By the way, I had to get sixteen different computers because every time I tried to read this, the manliness would make them implode so I couldn't even sell it to the scrap guys. :trollestia:

You bought a tear of joy to my cold, dead eye.

This is glorious and so are you.

This is truly the manliest story ever conceived. Have a favorite and the manliest, most muscular thumbs up.

Though I do have to ask, why was there no reference to the great sport of football? (Hoofball)?

3700568
Because I can't play all my man cards in the first chapter, such an act would be foolish, and therefore not manly.

Reading this makes your dick grow 2 inches because of the manliness.

"Iron Will likes this LSD chemical you discovered, Twilight Sparkle!"

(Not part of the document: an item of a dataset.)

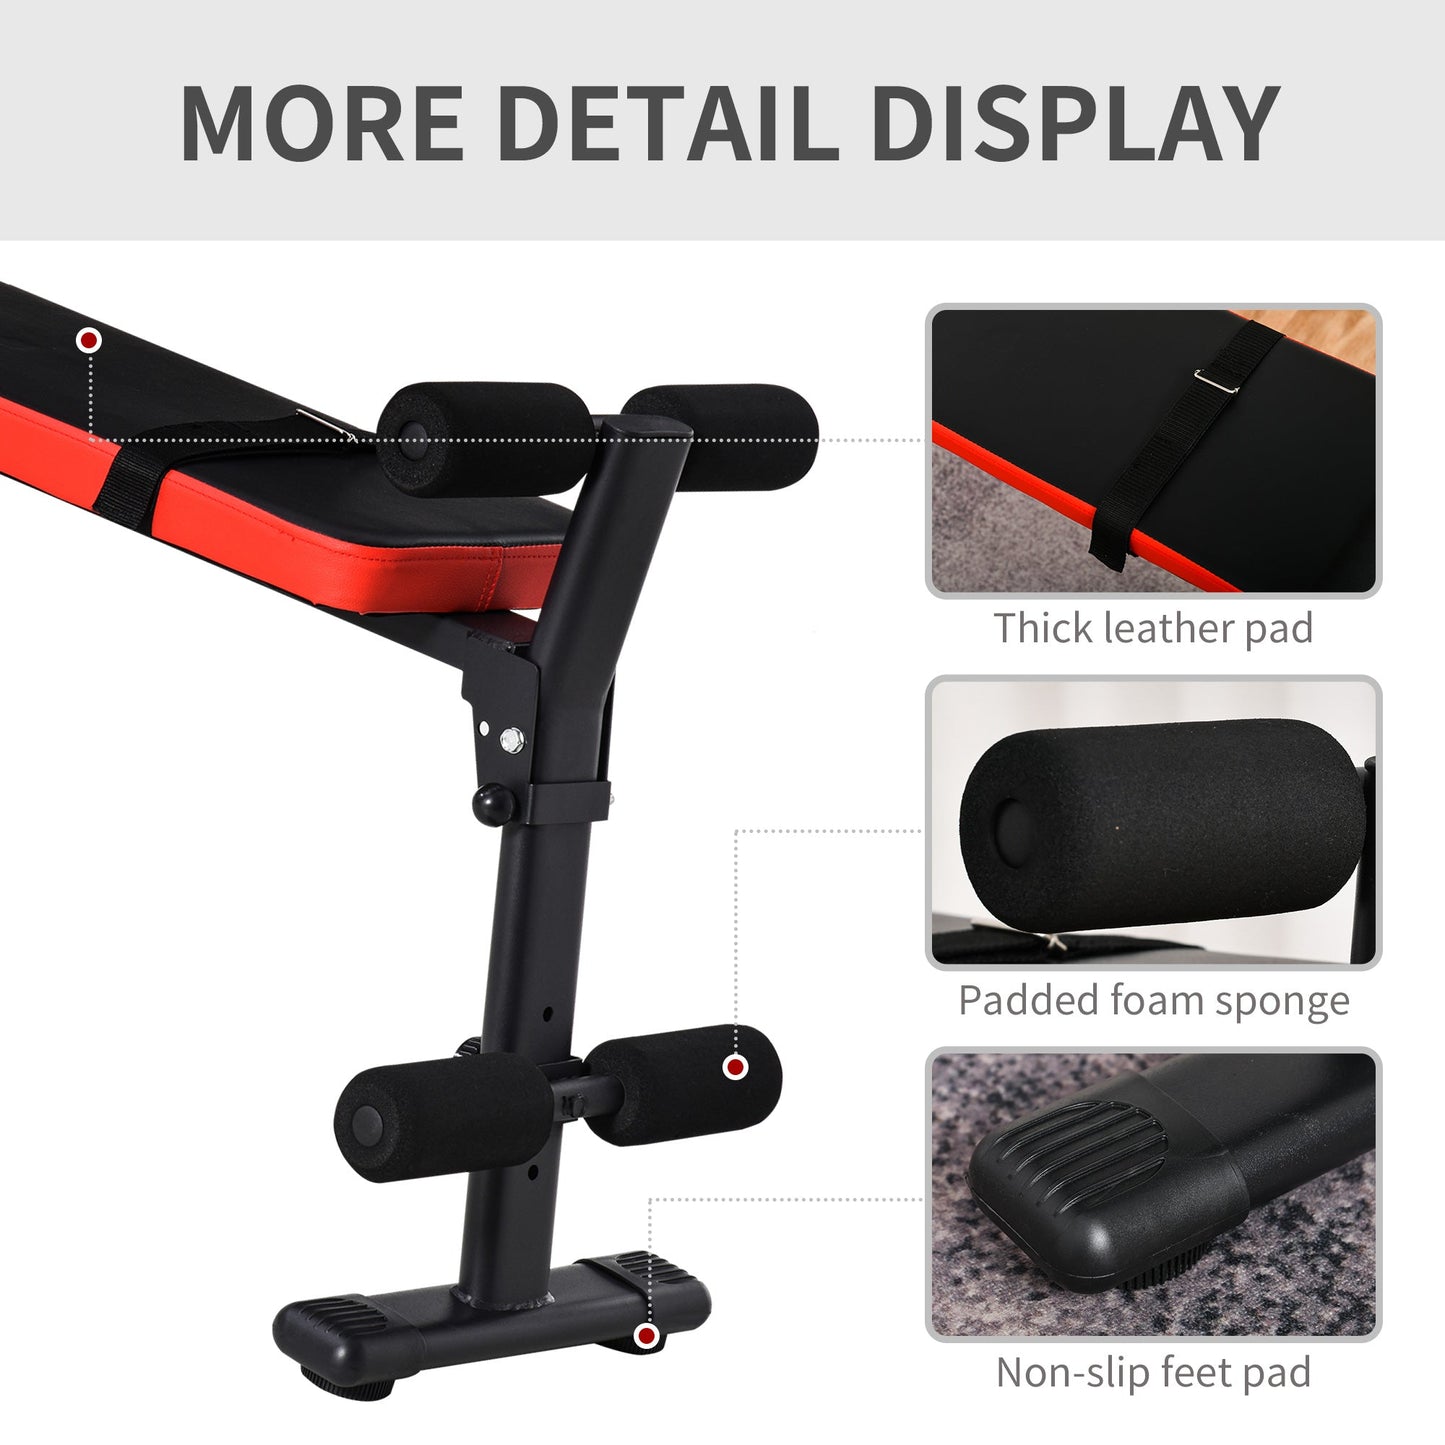 HOMCOM Foldable Sit Up Bench Leg Placement Adjustable Exercise Machine for Home Office

This is going to go on the TvTropes page for Testosterone Poisoning. It's as if the kid who writes Axe Cop and the guy who writes Badass Of The Week spent a weekend playing video games while throwing story ideas at each other, and at the end of it said, "Heck with it, throw it all in there." You sir, you have earned this mustache! :moustache:

Faving because bass guitar solos

This epic turns boys into men. And my ex said MLP wasn't manly. What would she say now?